Four boxes of snakes fireworks.I don't mean to suggest that I dislike fireworks, I just haven't gone near them since the sister and I had an accident with some firecrackers. I was a teen, she was a child, and we both lost our hearing for several minutes when she mistakenly picked up a firecracker we'd lit, thinking it had exploded, only to find out, as she went to drop it into the bucket I was holding, that it was not so. As it turned out, the sister's hearing only partially recovered.

Still, I have many happy memories of fireworks. My first love--and the first fireworks I can recall actually lighting myself--were snakes, as seen here in this colorful packaging photo. I don't know the details of how they work or what they're made of, but they are sold as pellets in a matchbox-size box. When you hold a match to the pellet they quickly grow to long snaky lengths while giving off a noxious cloud of smoke that tends to attract attention. This can be a problem, because snakes also leave a long sooty stain behind them, guaranteed to anger the adult whose driveway or patio the snake was lit on.

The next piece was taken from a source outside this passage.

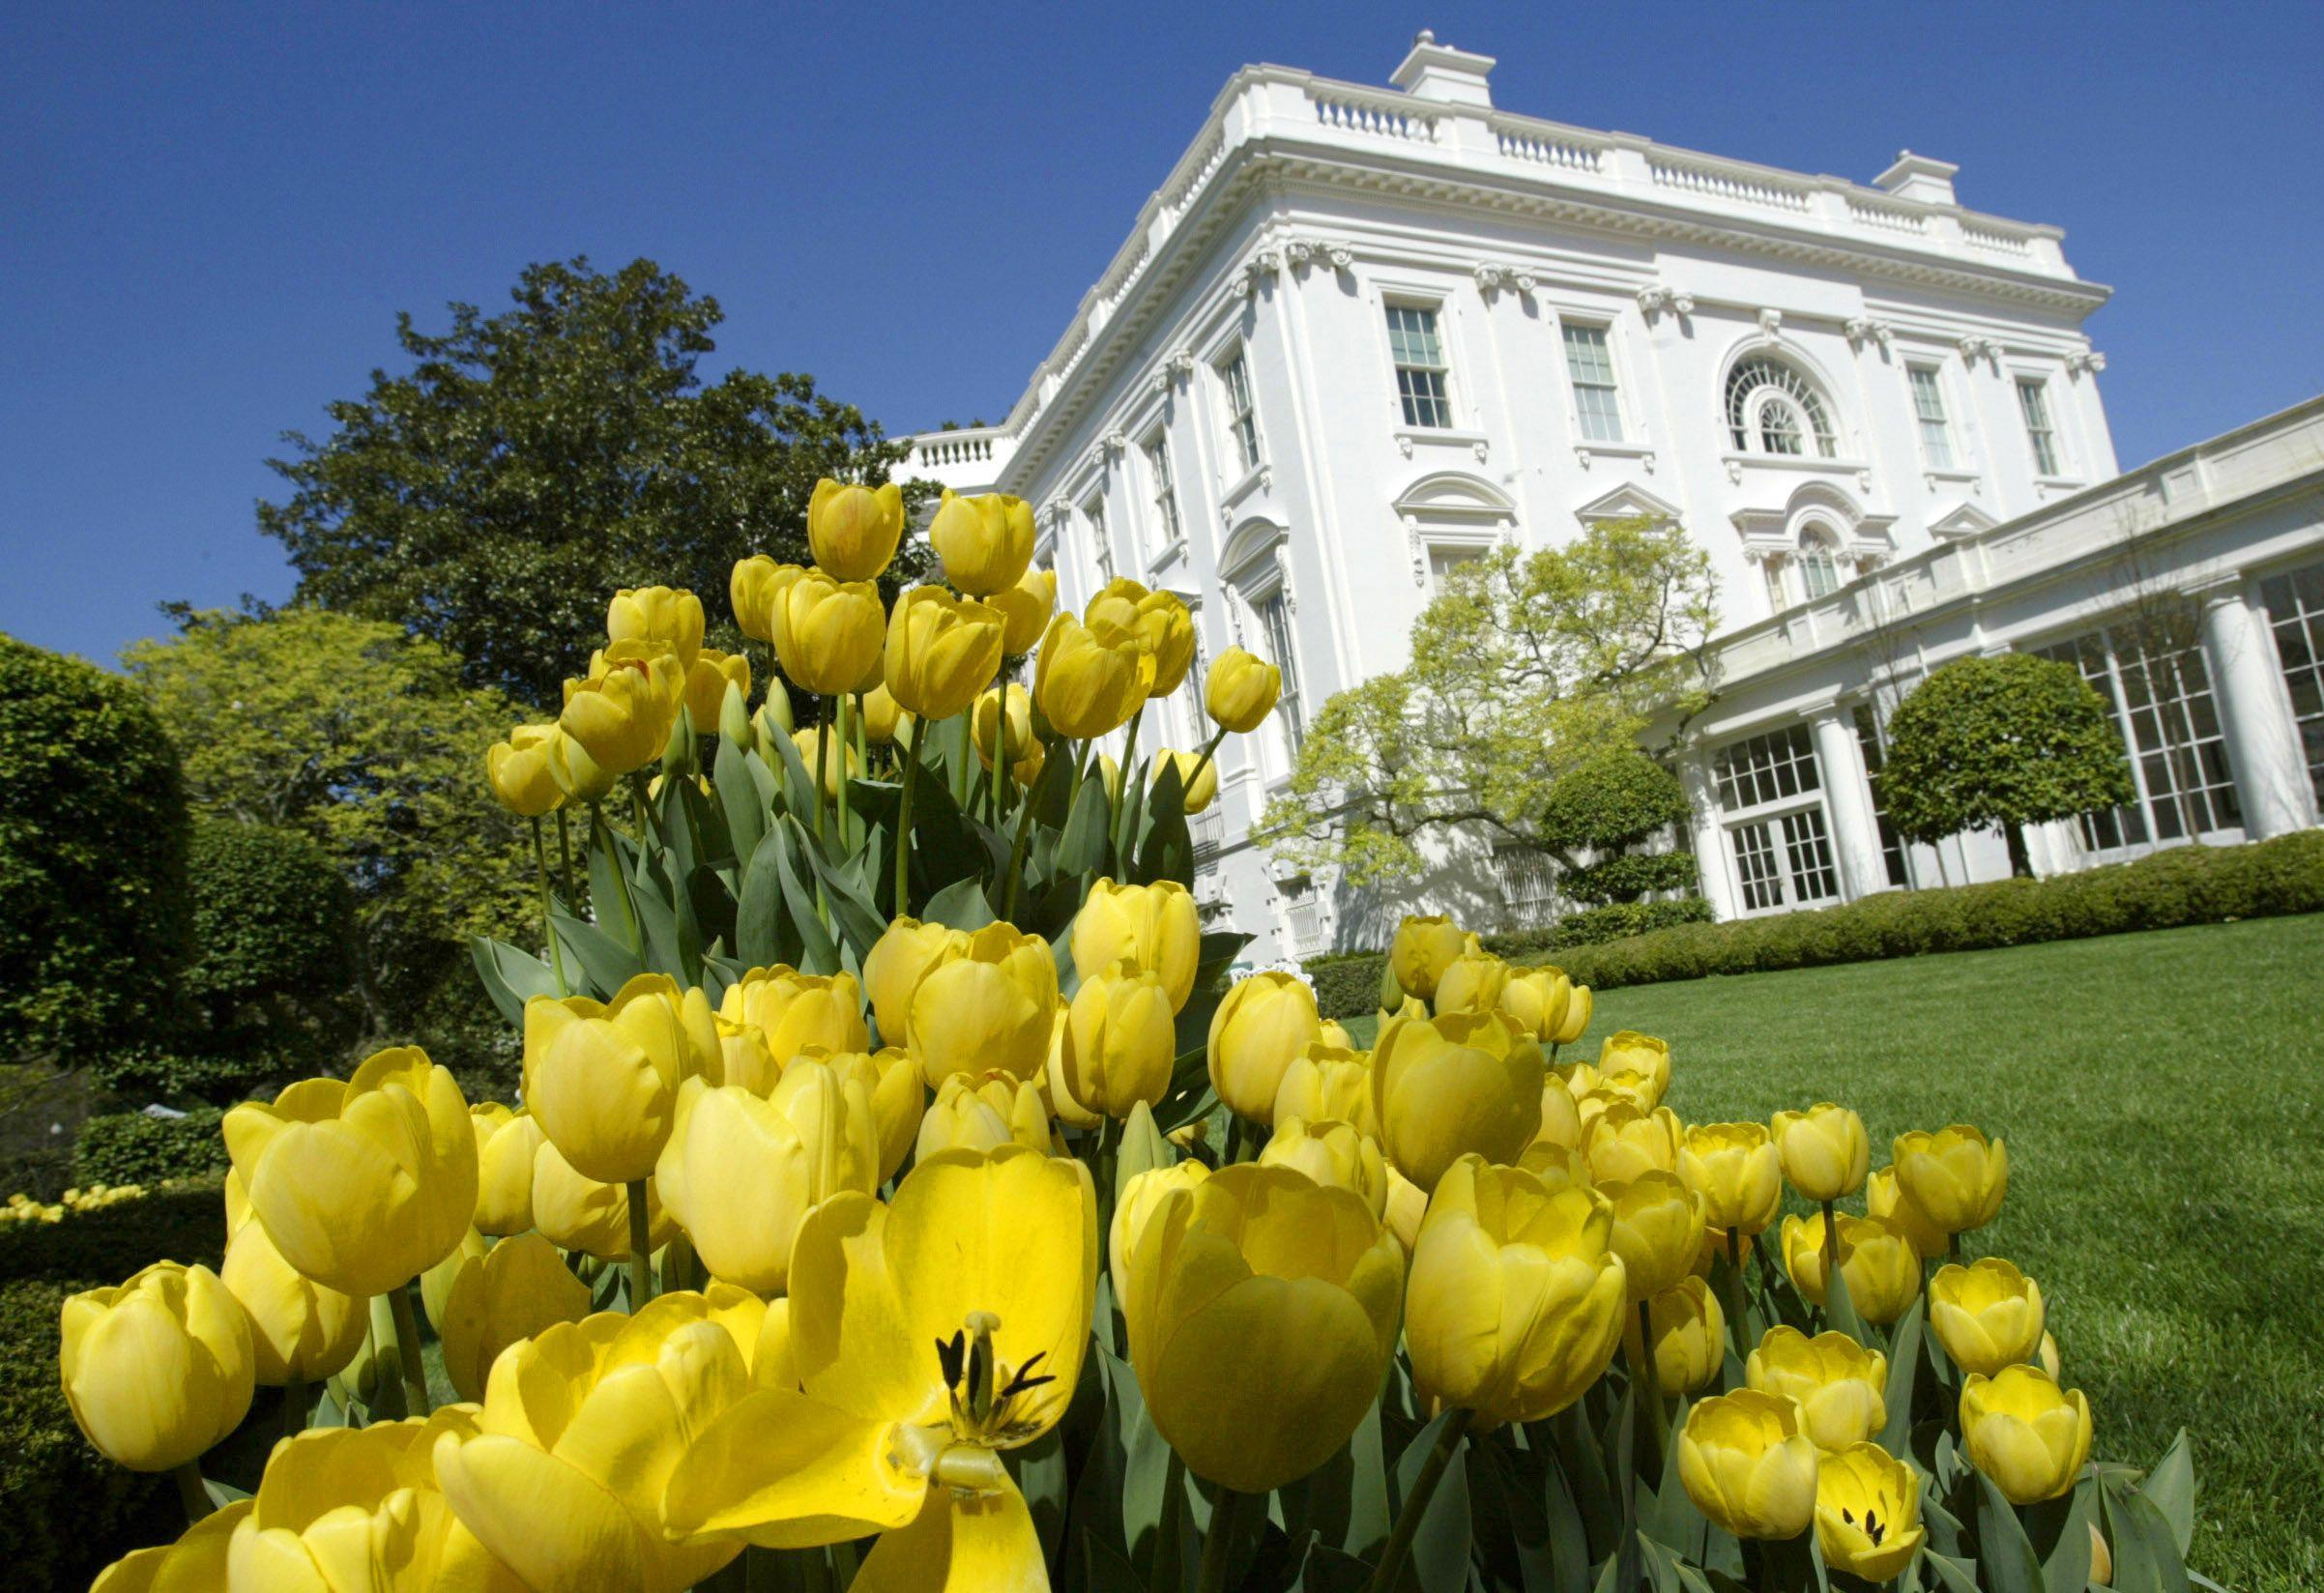 White House to Host Fall Garden Tours October 17, 18

I was also fond of ground flowers, spinning fireworks that use persistence of vision to create the illusion of a flower image. However, I was usually attracted to a certain type of fireworks first by its packaging, and only later by its display. These paintings inspired by firecracker labels show some of what I found appealing about fireworks packaging. But it was not just the graphics I was attracted to, it was also the inventive product names, like "Inferno" or "Delerium Fountain."

While perusing this online gallery of fireworks packaging, I was taken aback at how indiscriminately racist some of the older packaging was. No group was safe, apparently, as the advertising for the "Geo'gia Cracker" attests. Of course, stupidity seems to go hand in hand with fireworks. One past July 4, while visiting relatives in a rural area, I insisted on "staying with the truck" while an older male relative traipsed off into the dry brush with a squadron of kids and several handfuls of bottle rockets.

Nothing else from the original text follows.